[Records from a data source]
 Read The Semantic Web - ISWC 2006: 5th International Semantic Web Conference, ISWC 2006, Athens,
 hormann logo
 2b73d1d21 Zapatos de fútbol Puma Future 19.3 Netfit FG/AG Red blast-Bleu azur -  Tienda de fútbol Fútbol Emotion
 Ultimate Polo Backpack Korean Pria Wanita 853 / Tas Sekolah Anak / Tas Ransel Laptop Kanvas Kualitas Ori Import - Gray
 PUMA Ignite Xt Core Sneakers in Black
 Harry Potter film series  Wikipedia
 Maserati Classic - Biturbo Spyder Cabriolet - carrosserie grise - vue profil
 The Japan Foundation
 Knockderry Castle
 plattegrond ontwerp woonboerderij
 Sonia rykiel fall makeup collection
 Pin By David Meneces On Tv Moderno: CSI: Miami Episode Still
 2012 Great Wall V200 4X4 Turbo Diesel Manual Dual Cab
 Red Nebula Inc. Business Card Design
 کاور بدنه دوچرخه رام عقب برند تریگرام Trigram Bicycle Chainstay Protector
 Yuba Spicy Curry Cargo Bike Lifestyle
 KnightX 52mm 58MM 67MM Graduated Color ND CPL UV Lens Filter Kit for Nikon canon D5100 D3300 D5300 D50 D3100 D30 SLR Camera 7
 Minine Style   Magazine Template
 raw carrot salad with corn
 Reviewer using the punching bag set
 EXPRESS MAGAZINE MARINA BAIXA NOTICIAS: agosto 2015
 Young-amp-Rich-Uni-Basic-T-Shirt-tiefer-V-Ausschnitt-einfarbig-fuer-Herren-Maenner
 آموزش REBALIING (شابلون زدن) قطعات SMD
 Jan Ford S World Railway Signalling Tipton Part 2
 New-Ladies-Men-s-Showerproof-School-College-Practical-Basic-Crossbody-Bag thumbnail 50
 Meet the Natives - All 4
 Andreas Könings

■ **EXERCISE DETAILS**:
Between the first line of the entries above and the line with "2b73d1d21 Zapatos de", both included, copy every line exactly and nothing outside that range.

■ **REPLY TO THE TASK**:
 Read The Semantic Web - ISWC 2006: 5th International Semantic Web Conference, ISWC 2006, Athens,
 hormann logo
 2b73d1d21 Zapatos de fútbol Puma Future 19.3 Netfit FG/AG Red blast-Bleu azur -  Tienda de fútbol Fútbol Emotion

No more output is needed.